During his patrol, Matthew and another volunteer of the tenant union crossed with members of the Union of Teachers and Volunteers of the Central American Resources Center and discussed ways of collaborating. At one point, they appeared at a cross guard and asked where it was the best place for people to look. The Cruce’s guard, who stopped to hug a young student he acknowledged, said there seemed to be fewer people walking. She suspected that some people were afraid to leave. Matthew gave him a phone number to use to inform any suspicious ice activity. They thanked for their work. It depends on people to take care of each other now, they agreed.

Two weeks later, the border patrol agents raided the Westlake Home Depot for the fourth time, This time using tear gas and pepper ballsLocal Outlet La Taco reported. The agents entered a street less than a block from a high school just before 7 am, Matthew said, and noted that there was a school bus at the bottom of the video that filmed the incident.

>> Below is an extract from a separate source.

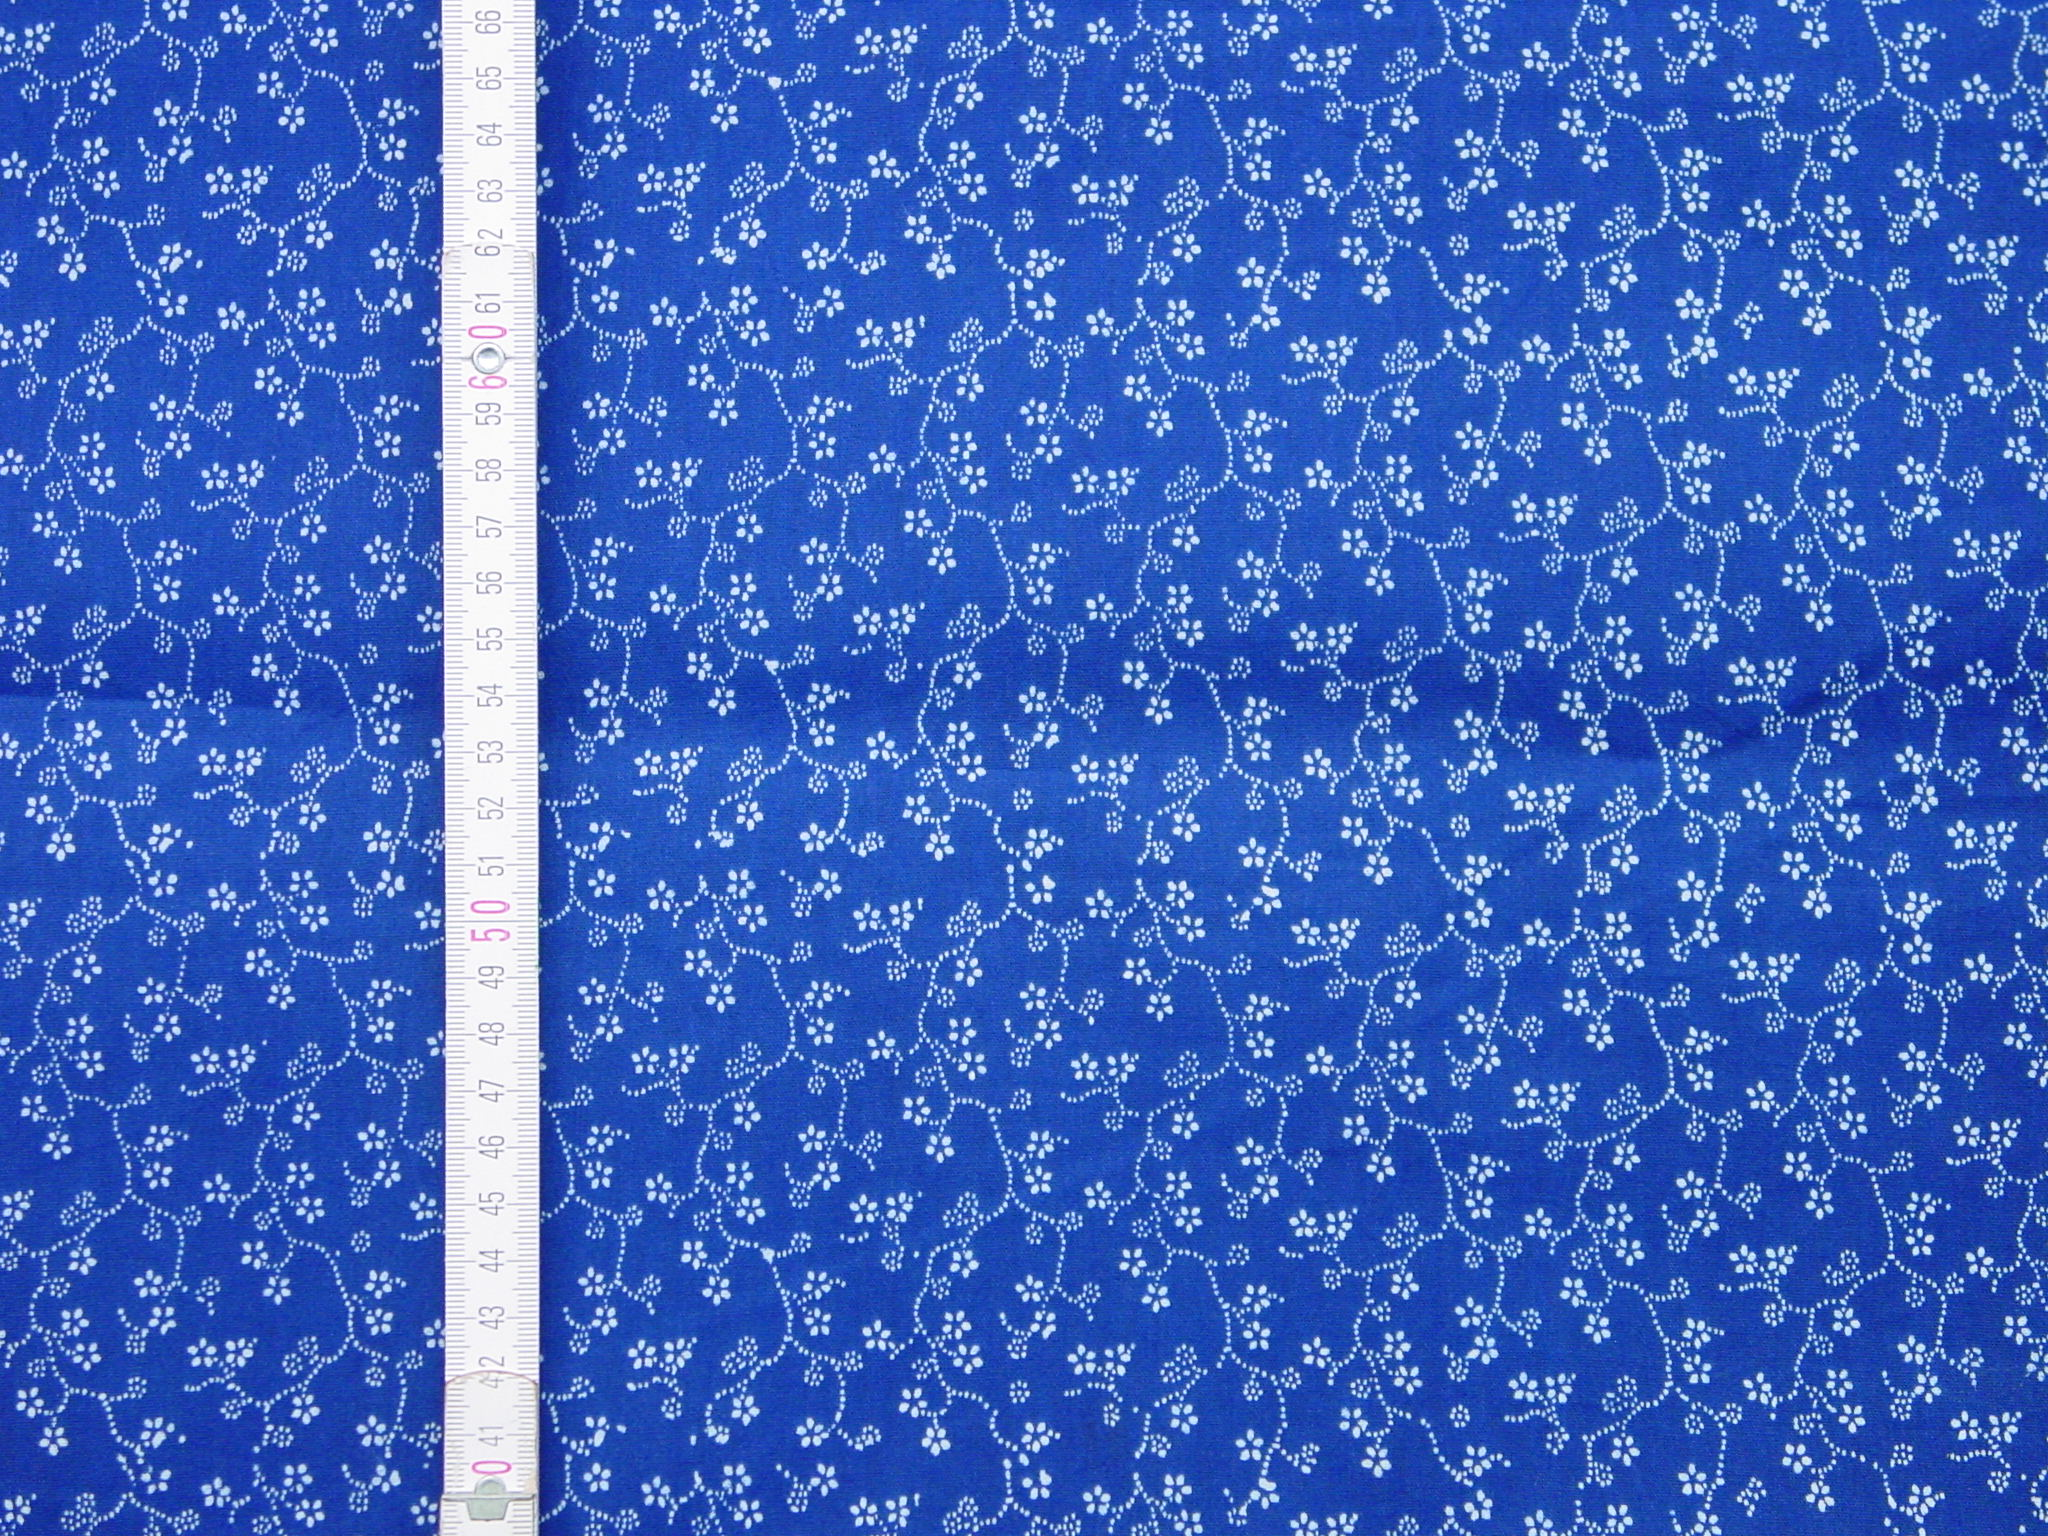 Blaudruckstoff 054-0

Until now, Miranda does not know the immigration authorities who get access to any of the Lausd campus, but the suspicious agents have been seen driving near schools. Even so, teachers and community defenders want to be prepared.

The “Big Beutiful Bill” Law of Trump, which grants the Department of National Security billions of dollars in additional funds, comes into force next month. “We anticipate that in October things will get worse,” said Avalos. “So we are really focused on trying to train as many educators and communities as possible so that everyone can take this work and apply it to their neighborhood.”

Cardona believes that organization efforts in Los Angeles can be a model for other cities where federal authorities can change their attention below. Earlier this month, the Trump administration began an immigration application operation in Massachusetts After pointing out that the National Guard would deploy for Chicago.

“The fact that you have not found ice still does not mean that you will not. We are in it in the long term,” he said. “The more we can organize in advance, once all the structures are in their place, when they face you a situation, I can comfortably teach knowing that the door is blocked.”